So I’m going to hell. I mean, if there is hell. If there is a hell, then hell bound I seem to be.

“Why Elon? You seem so good and nice and good?!!!”

Well I’m not. I admit it. I’ll even give you an example of my latest not…er…goodness.

Last week I get a call from my mother. Wait. Let me rephrase that. Last week, I stop by ‘The Islands’ and the cook tells me that my mother called. She says I should call her back at ‘This Number’.

I immediately find it strange. I know my mothers number. Why is she asking me to call her at a different number, and why is it she’s calling The Islands and not me. It clicks fairly quickly in my head that my mother must be in the hospital.

“Elon, don’t you think thats an odd assumption?”

No. My mother has been in the hospital enought that I’m pretty quick with the summation. Calls somewhere odd? Leaves cryptic message? Odd phone number. Hospital.

The problem was this. Upon realizing the situation I got a pit in my stomach. As I was dialing the number I was litteraly starting to cramp. Yes, my mother being in the hospital is a bad thing. But its not abnormal. And I’m fairly sure at some point in this stay Its going to be pointed out that I’m a bad son or some sort of critique is about to occur. It always happens. Theres never a time that I just go over and its all good.

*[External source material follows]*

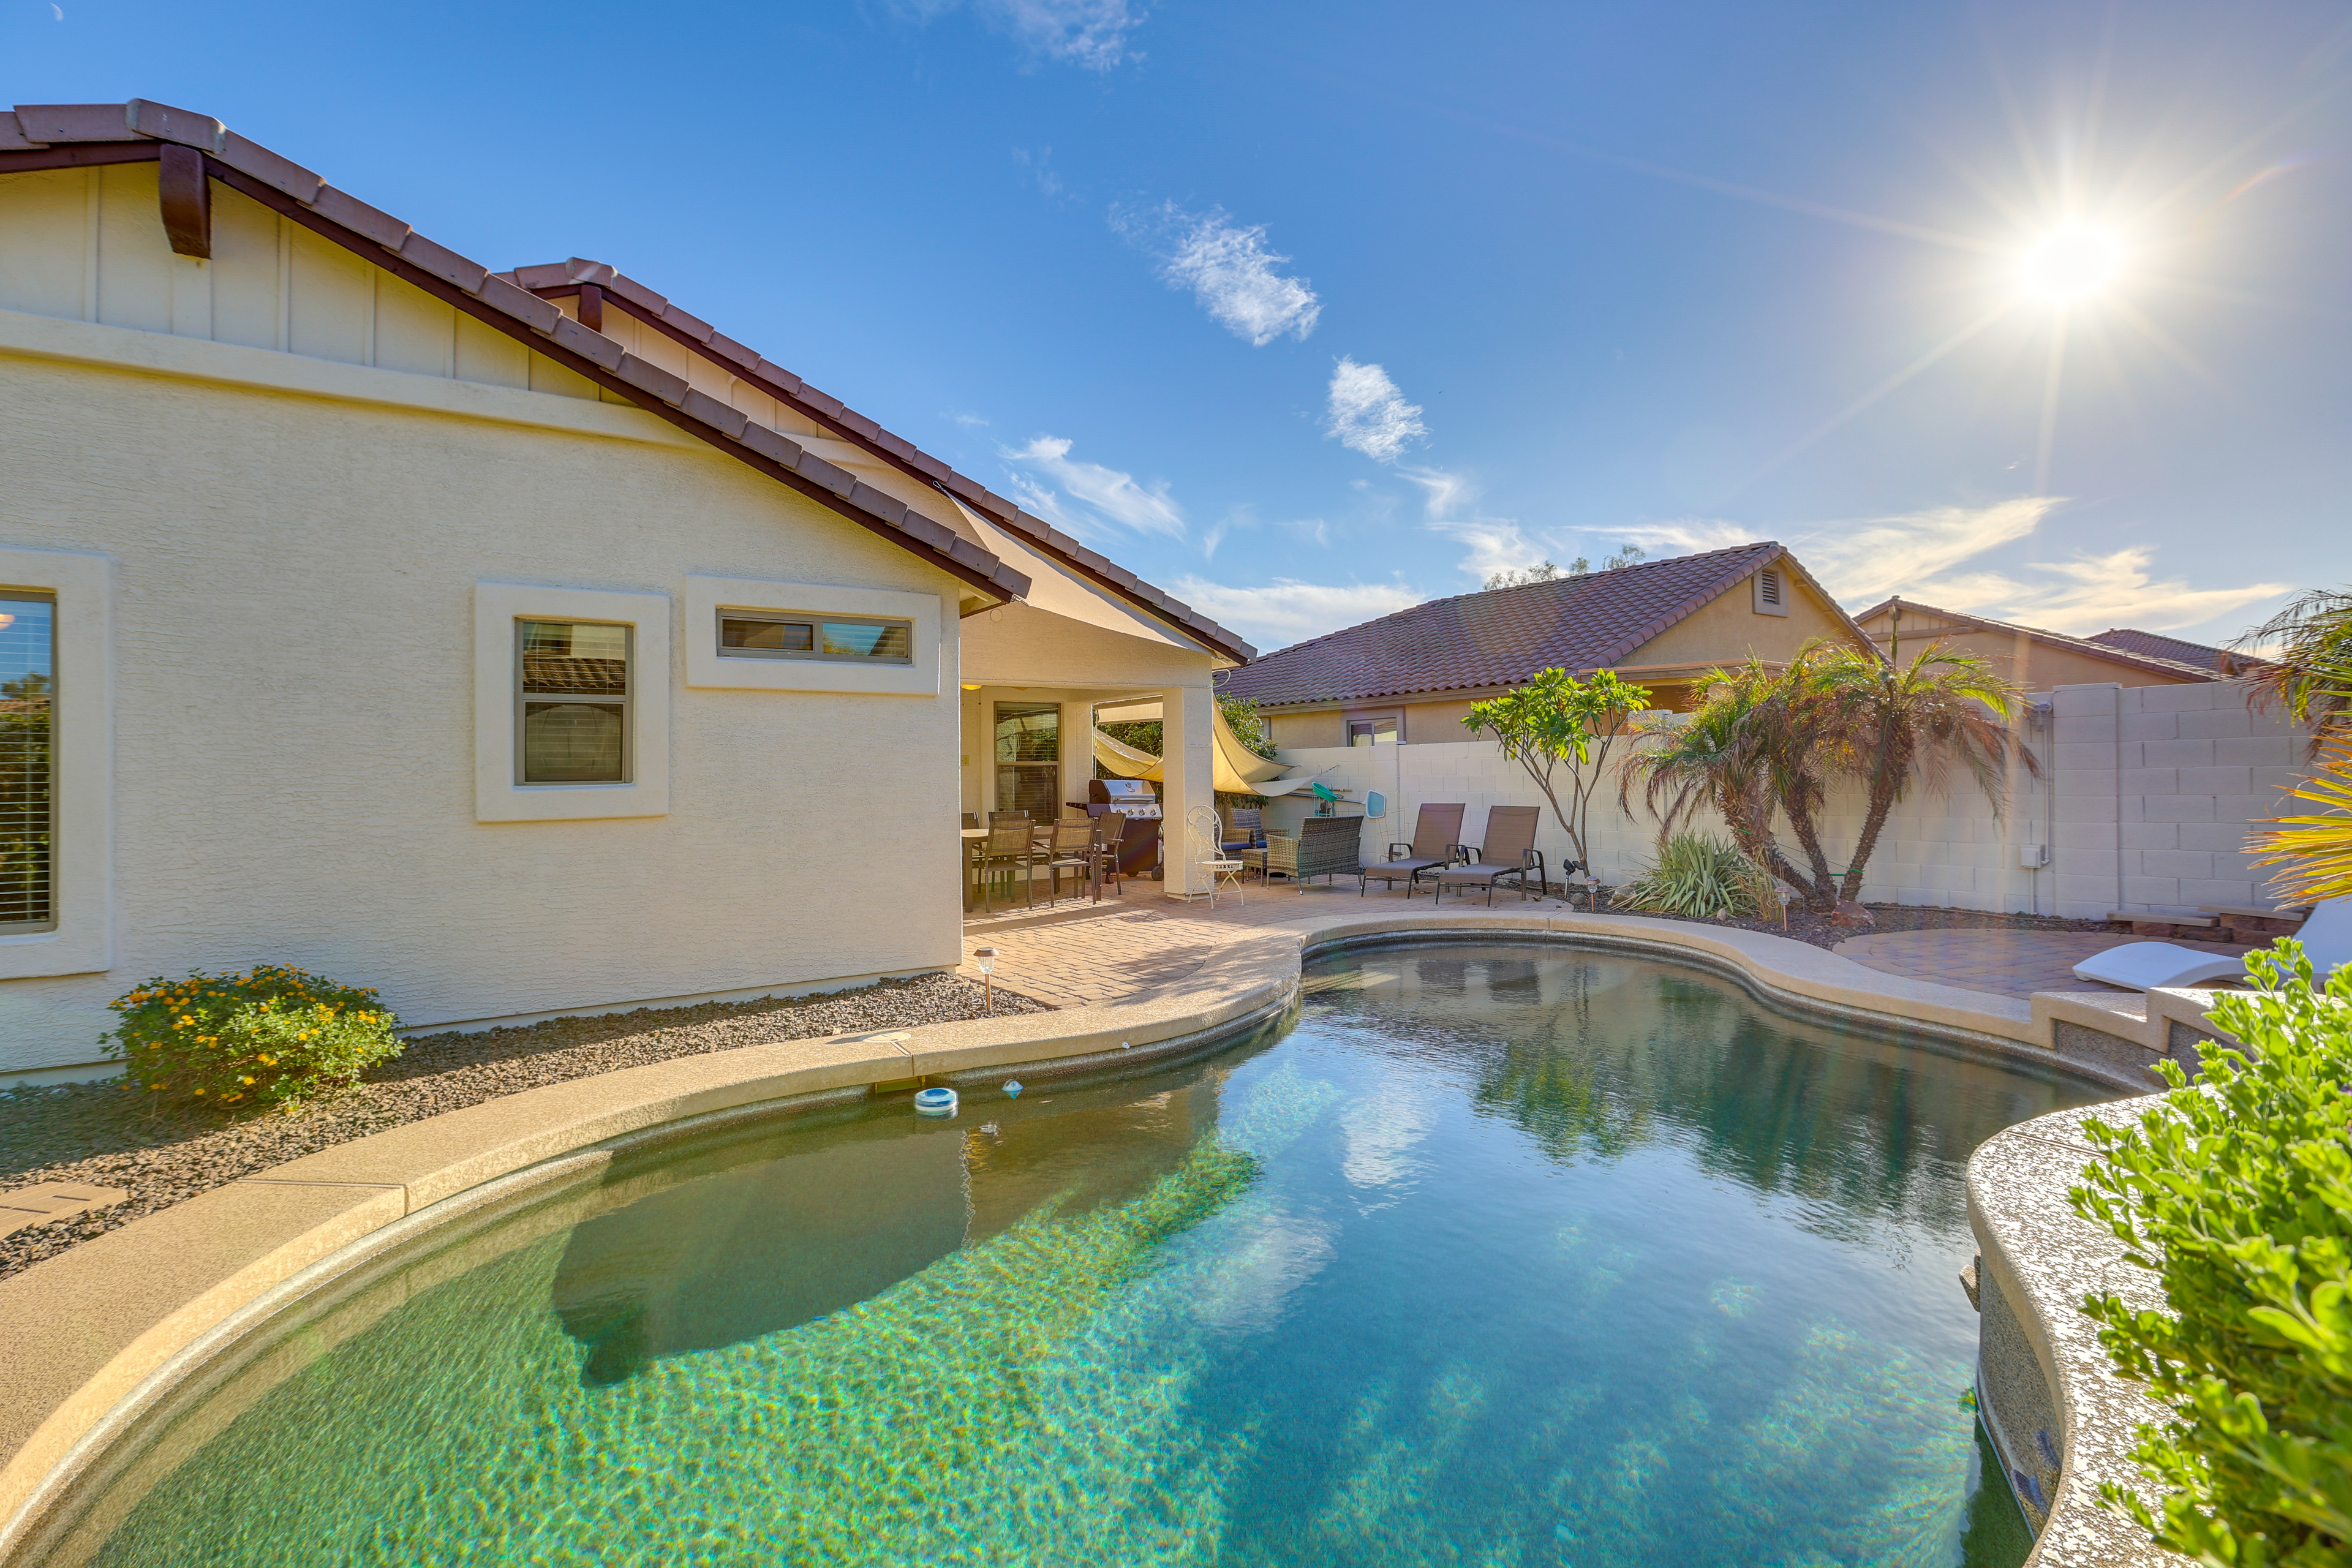 Property Image 1 - Sunny Surprise Home: Heated Outdoor Pool, Hot Tub!

Especially when she’s in the hospital.

I call 3 times in 15 minutes. The phone number that was left for me is busy. I’m relieved in a sense. But my stomach still is uneasy.

I go back to Fahnon’s house(For that was where I was before my Islands endeavor) and I get a text message from ‘The Girl’ My mother called her, and she wasn’t even in town. I’m like fine. Whatever. I’ll call again. Really. I’ll flippin call.

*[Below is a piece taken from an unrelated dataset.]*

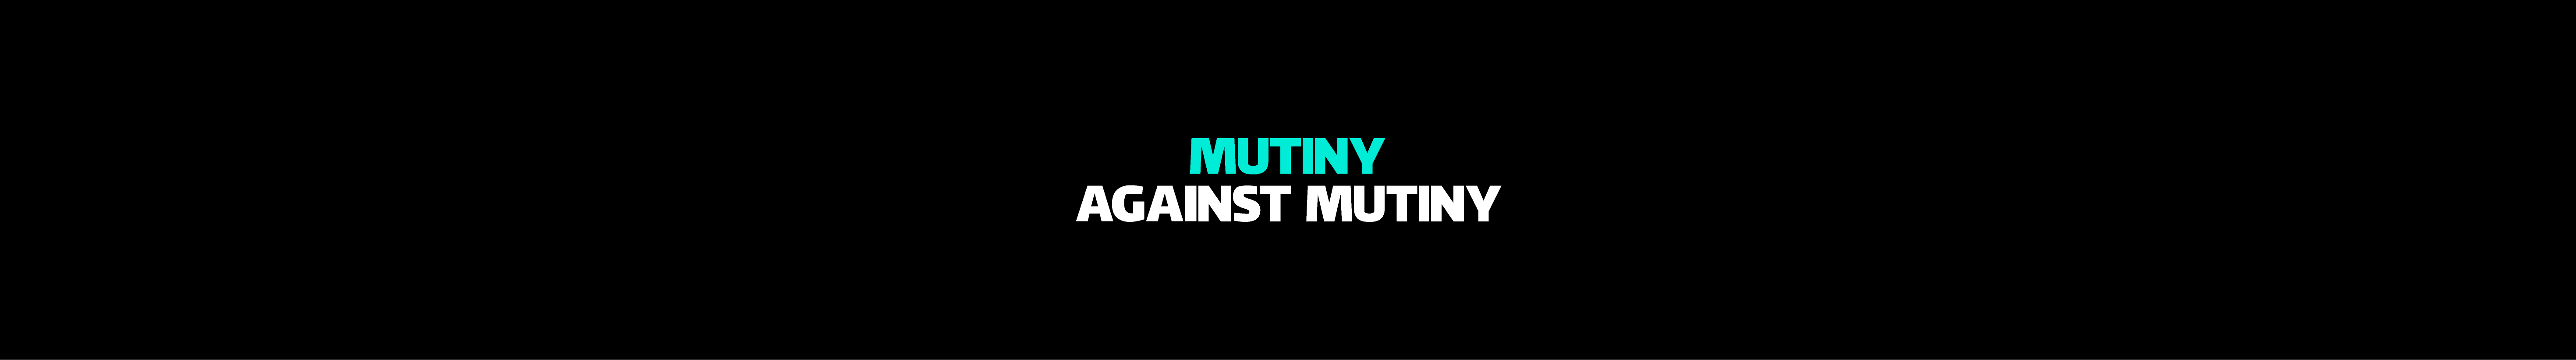 Mutiny Services's profile banner

I call 2 more times, no answer. The next time boom. I speak to my mother. She starts to ask me about my Interview 2 days before. I find this ridiculous. She’s IN THE HOSPITAL. Why is she asking me about my interview.

Actually I say just that. I ask her whats wrong.

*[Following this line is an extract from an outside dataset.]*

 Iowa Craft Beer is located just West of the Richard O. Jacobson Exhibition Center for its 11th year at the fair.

“Well I was just feeling peachy so I decided to come to the hospital.”

Why. Not. Just. Say. What.The.Fuck.Is. Wrong?.

She then has me call her back. And I do, like twice. And I dont get her. And all of a sudden, boom. It happened. This blockage. I didn’t want to try anymore. I just wanted to be left alone. I literally felt scared about it. I just did not want to call again. Nothing good could come of it.

So now its a week. Later.

I haven’t called back yet.

I’m fairly sure she’s out of the hospital. Because my mother had a heartattack before they are more prone to keep her in there for any chest pains she might have. But its never long stays. The point is, I still havent called her back. I keep having moments when I remember I havent called her back and I like freeze in place. I’m like ‘Fuck, what am I going to do?’ But now I can’t call her. There will be just fire and brimestone on that phoneline.

So now I stand here, thinking ‘Man, if I have children, are they gonna know their grandmother?’ I don’t know! I can’t call her back. I. Just. Argh.

I’m going to hell. If there’s a hell. Definitely packing my shit and heading on in. What up Stalin.